Ребенок становится тяжелее с каждым моим шагом. Я замедляюсь, тяжело дыша, затем нагибаюсь, зачерпнув ладонью снега, чтобы справиться с сухостью во рту, холод обжигает пальцы через дырки в перчатках. Выпрямляюсь, едва не уронив ребенка. Хочет ли он пить? Если я дам ему немного снега, ему станет лучше или хуже? Даже не знаю. Я держу его на расстоянии вытянутой руки и внезапно чувствую себя такой беспомощной. Я столького не знаю. Я никогда не держала ребенка, не считая той единственной секунды, когда только родила, и уж тем более я никогда не заботилась о ребенке. Я хочу оставить его здесь. С пустыми руками я смогу дотянуть до ближайшей деревни. Он бы все равно умер в том вагоне. Что там, что тут – какая разница?
Ручка ребенка, размером не больше грецкого ореха, вдруг вздымается и, схватив мой палец, крепко держится за него.
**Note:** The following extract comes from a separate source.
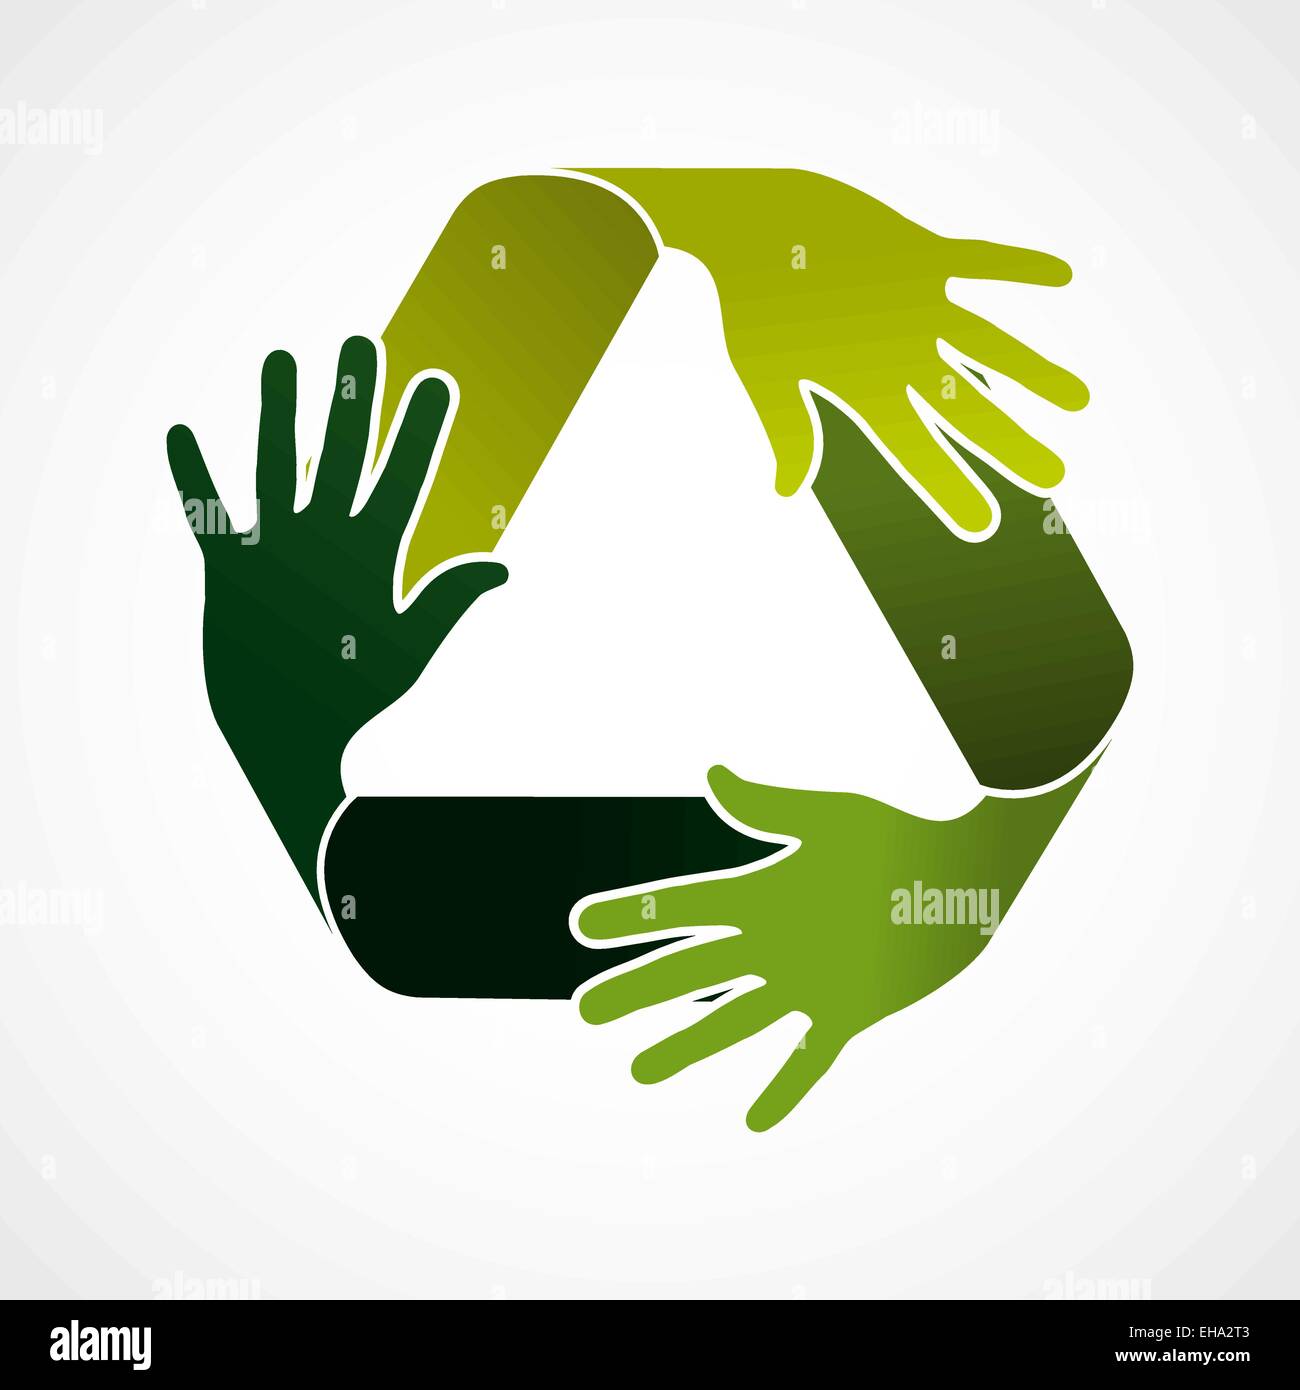 Écologie et recyclage d'équipe concept illustration. Le vert réutilisent le fait avec les mains vertes. Fichier vectoriel EPS10. Illustration de Vecteur

Что он думает, когда смотрит наверх и видит лицо, совсем не похожее на то, которое он знал с рождения? Он практически того же возраста, какого был бы сейчас мой ребенок. Я представляю мать, чьи шрамы до сих пор болят, как и мои. Я смотрю на этого ребенка, и мое сердце смягчается. У него когда-то было имя. Как может ребенок, слишком маленький, чтобы знать собственное имя, найти своих родителей? Я хочу, чтобы он дышал, чтобы он держался до тех пор, пока мы не найдем укрытие.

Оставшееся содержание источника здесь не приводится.